I also have an even greater appreciation for the reality that in New England Cyclocross, you must come prepared in every way every time.






Monday, November 23, 2009

Down but not out.


One of my cyclocross mentors told me a few years ago "in racing sometimes you're the hammer, sometimes you're the nail". This weekend in Lowell I was the nail, and someone was swinging the 10lb. sledge. Going down in a race is never good. But getting my front wheel chopped 100 meters off the start line, sommersaulting onto the turf from a full sprint, and then getting run over by 2 or 3 guys, well lets just say I'm a bit sore right now. And that was the first 2 minutes of the race.

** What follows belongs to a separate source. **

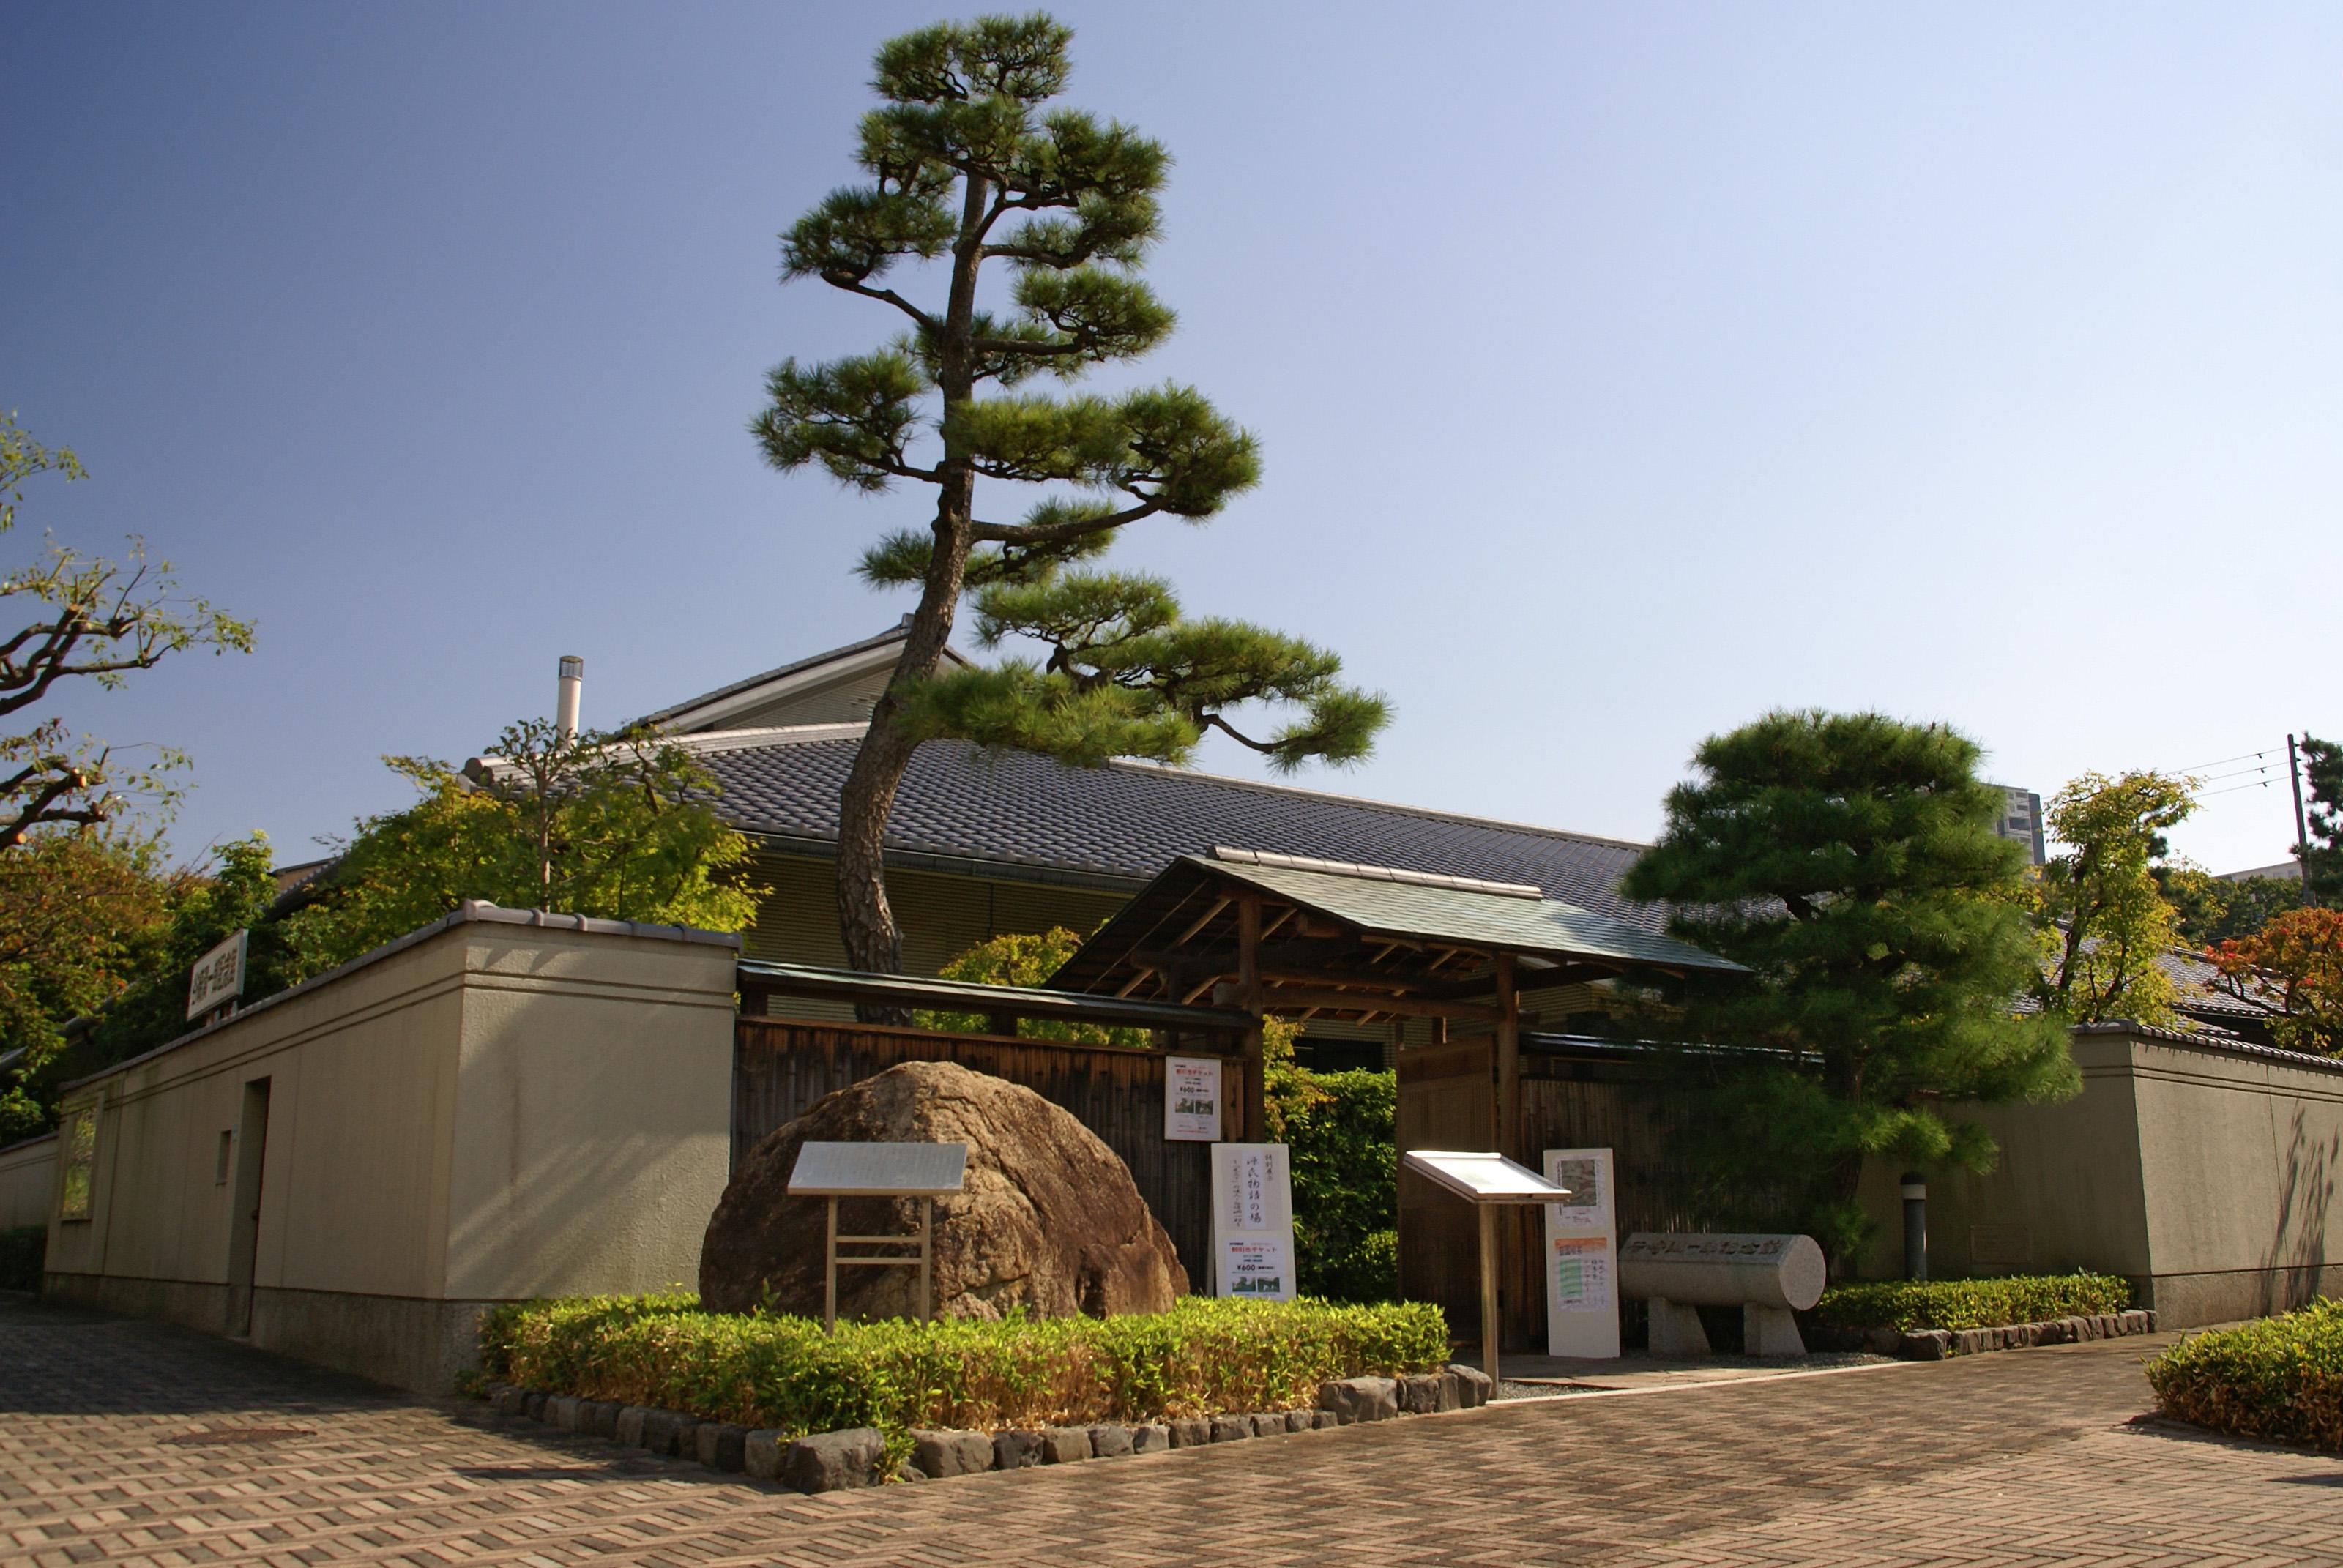 芦屋市谷崎潤一郎記念館 - JapaneseClass.jp

Yes, I did get up. And I chased like a man possessed. I even managed to work my way back to the top half of the field by mid race. But then I had a mechanical, and went down again, twice. I rode slowly around the back half of the course to get my pit bike. And I kept on racing. The best thing I've heard said about Tim Johnson was Richard Fries talking about his comeback at Gloucester in 2007, he said "its not the size of the dog in the fight, its the size of the fight in the dog" I try to remember this when I have a setback in a race. So I was not DFL (although close) and I did not DNF. Almost half of the 35+ field did drop out. No doubt because lots of guys were having trouble staying on the bike.


The trick is to realize that in cyclocross everyone goes down sometime,

flahutes get up and finish,

Champions get up & go faster than everyone else.